Recorded information:
::::

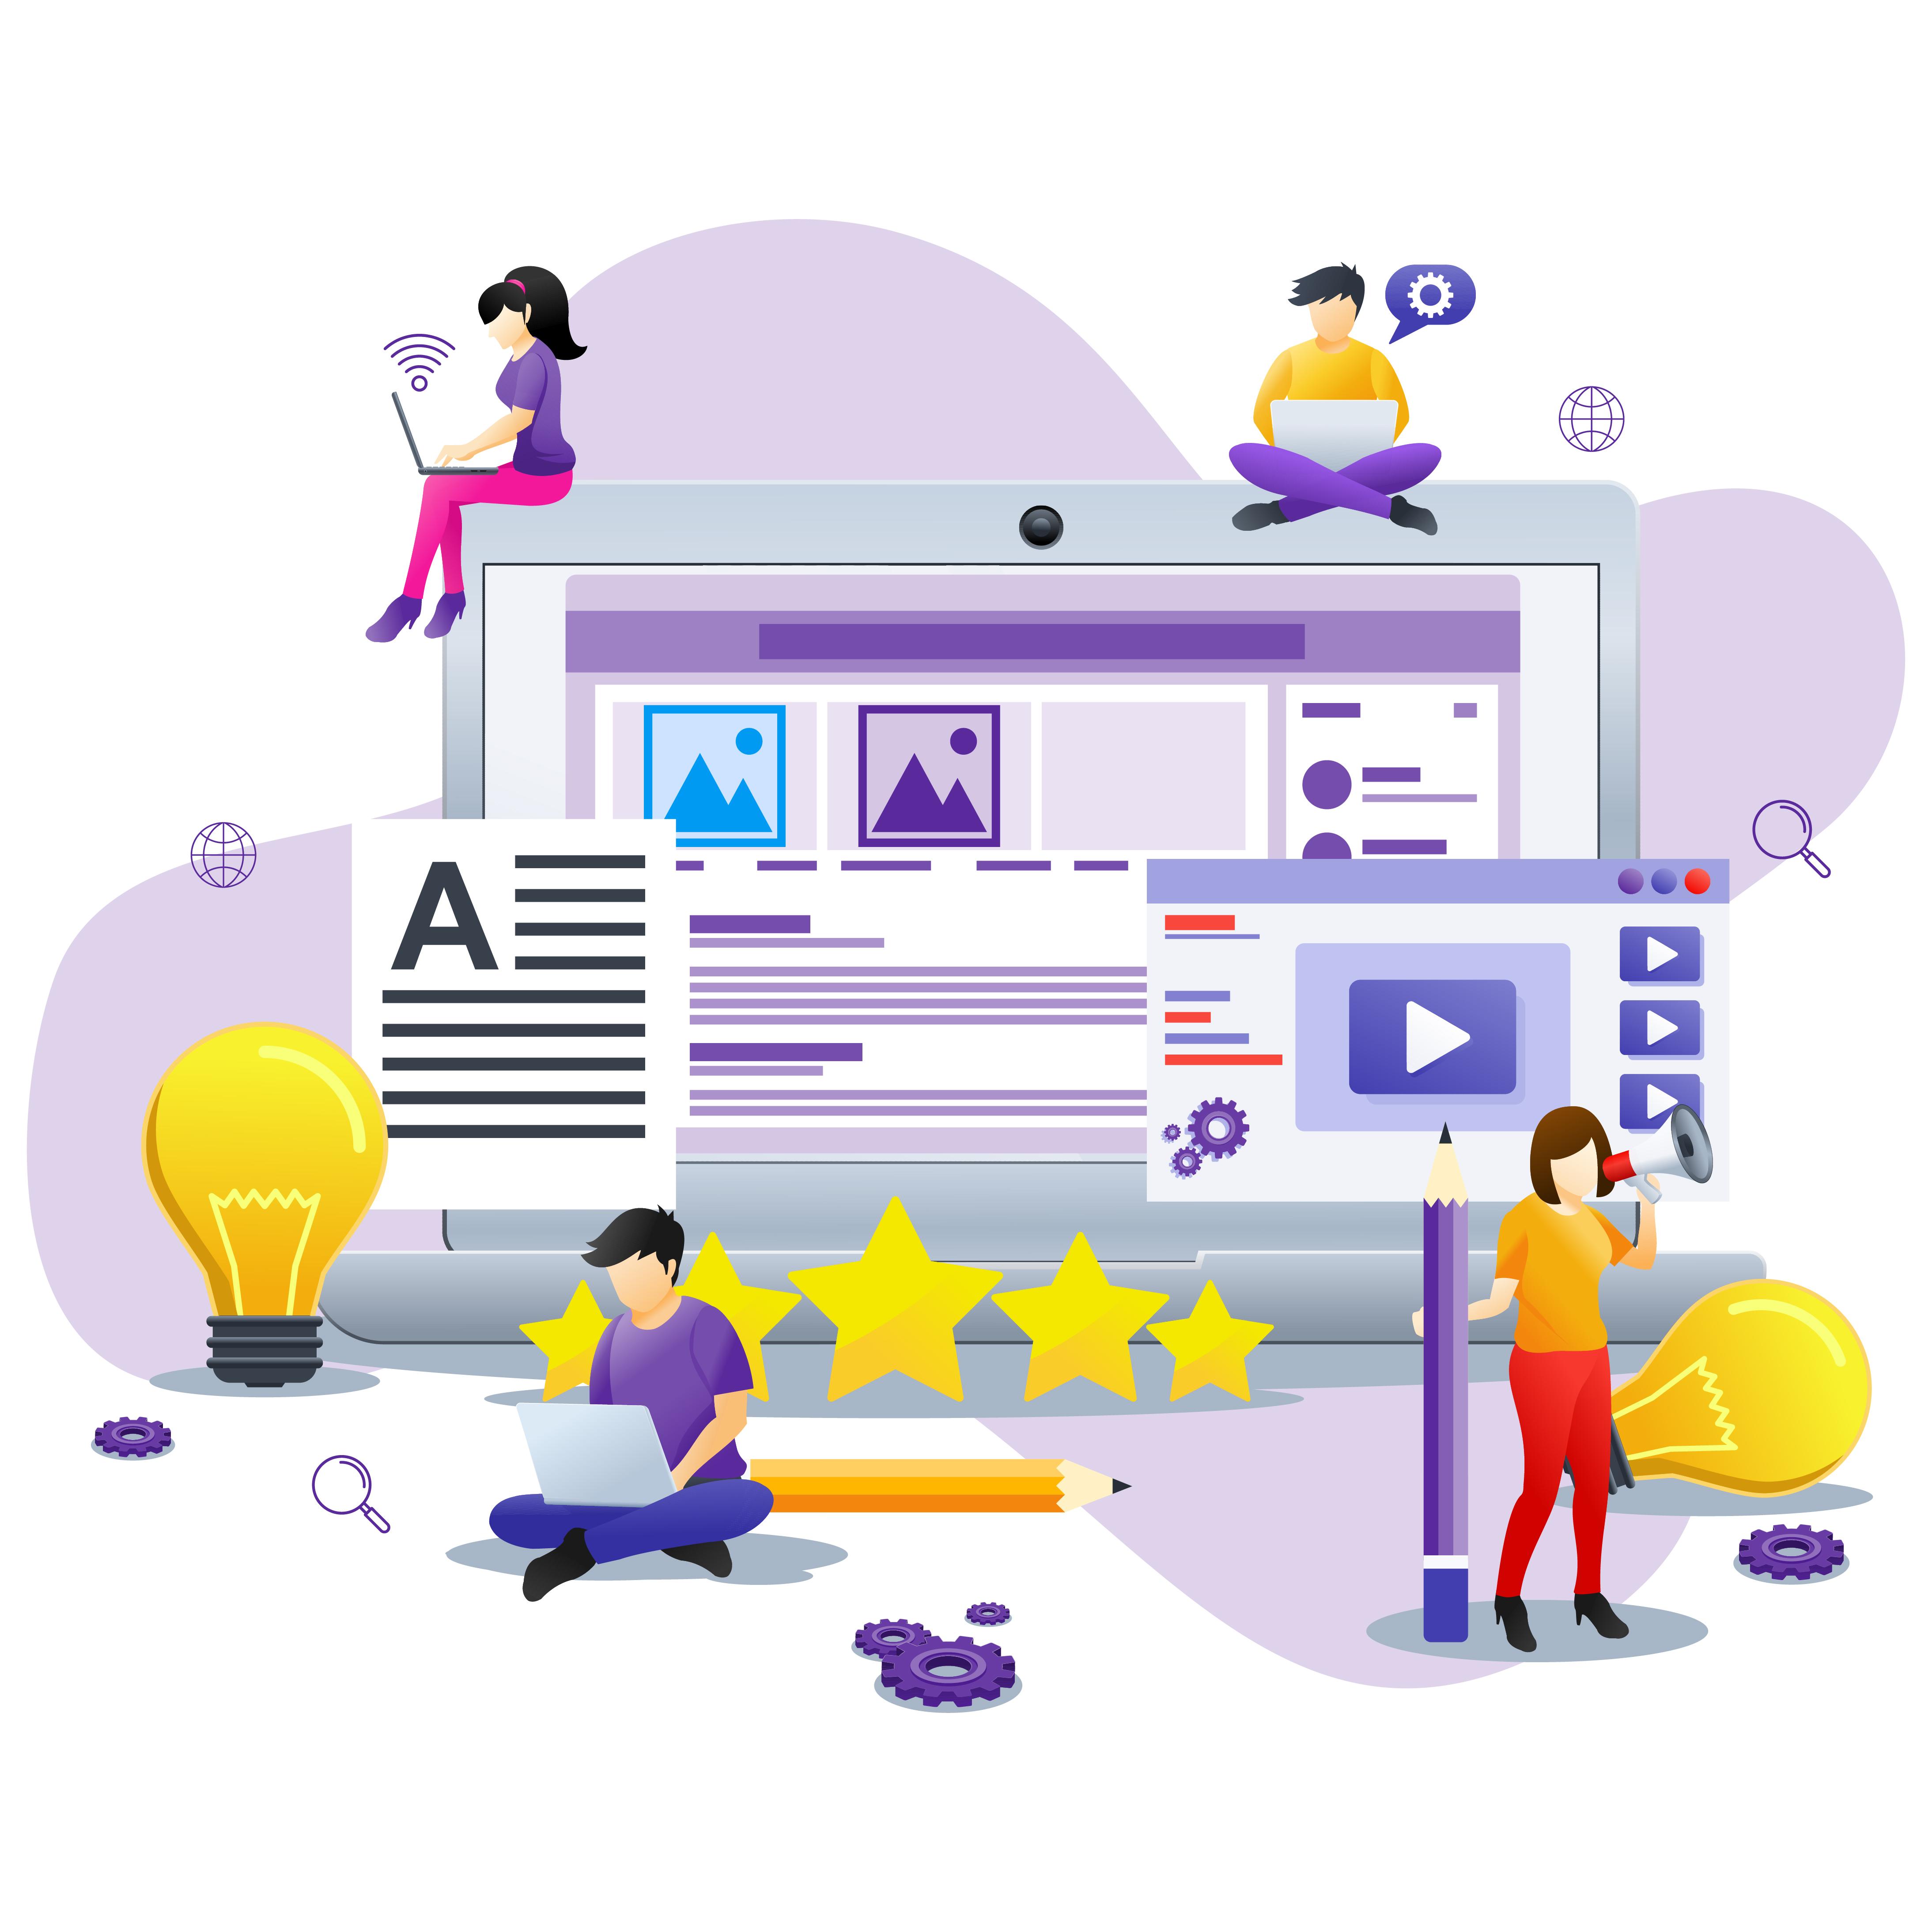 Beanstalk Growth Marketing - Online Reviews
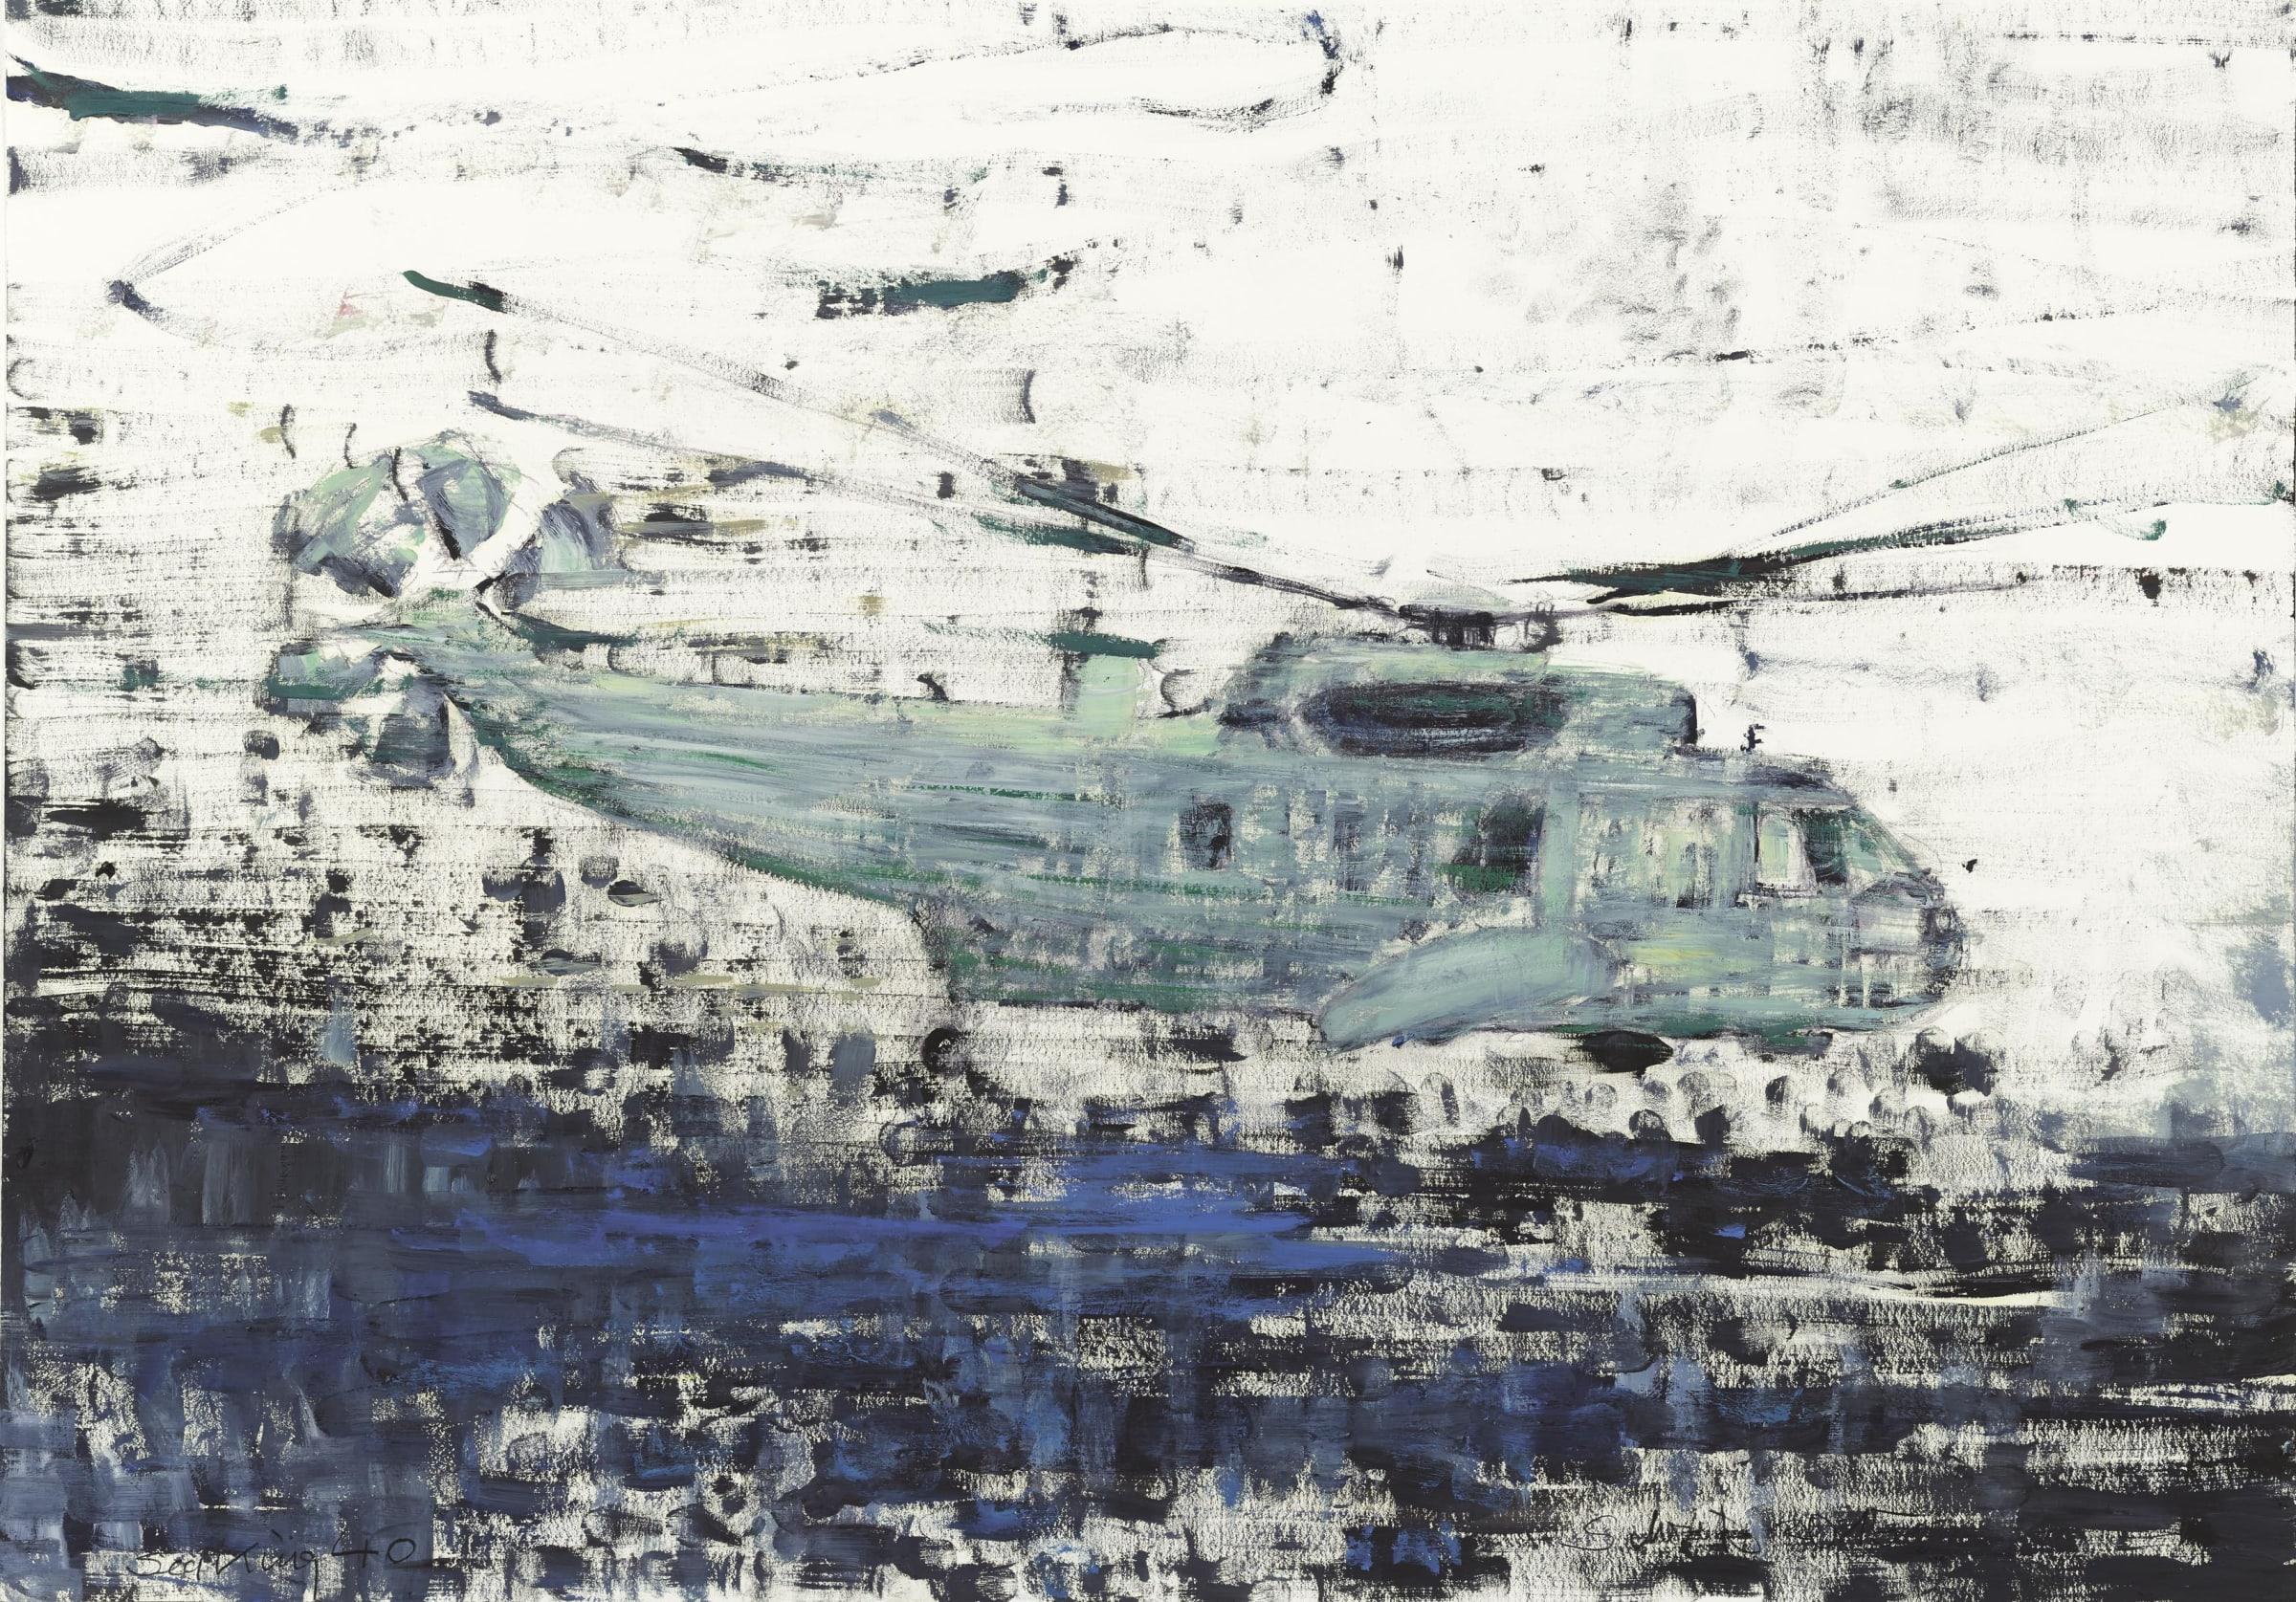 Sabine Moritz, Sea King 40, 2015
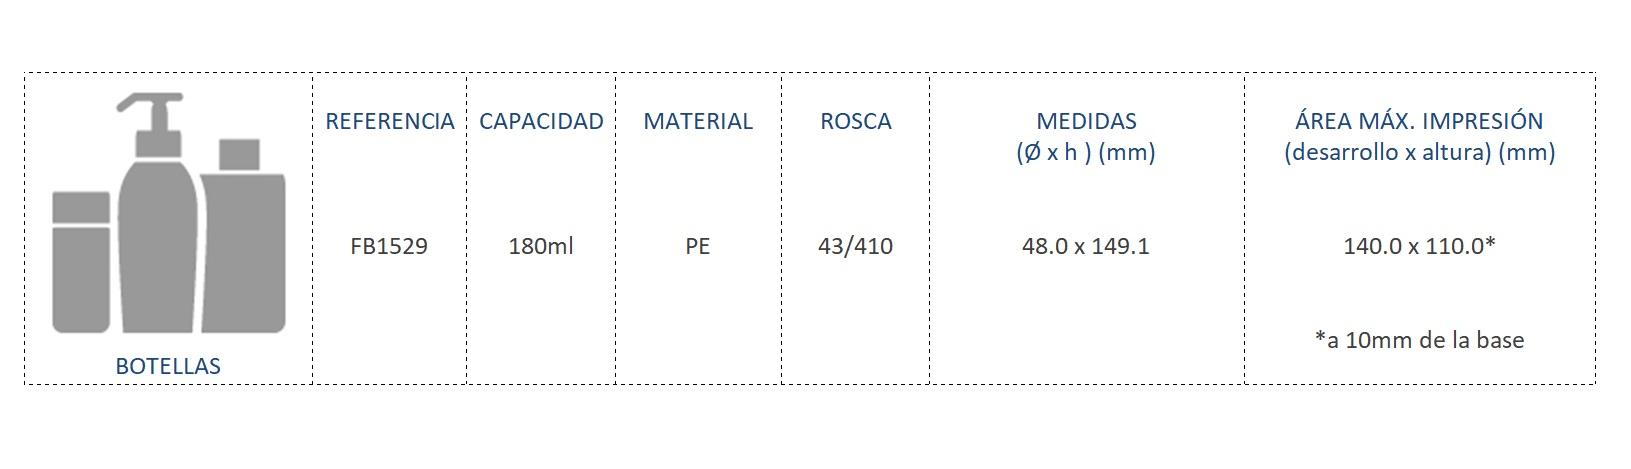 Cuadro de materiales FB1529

::::

Task statement:
The listing above must be retyped word for word, without the pictures.

Reply to the exercise:
 Beanstalk Growth Marketing - Online Reviews
 Sabine Moritz, Sea King 40, 2015
 Cuadro de materiales FB1529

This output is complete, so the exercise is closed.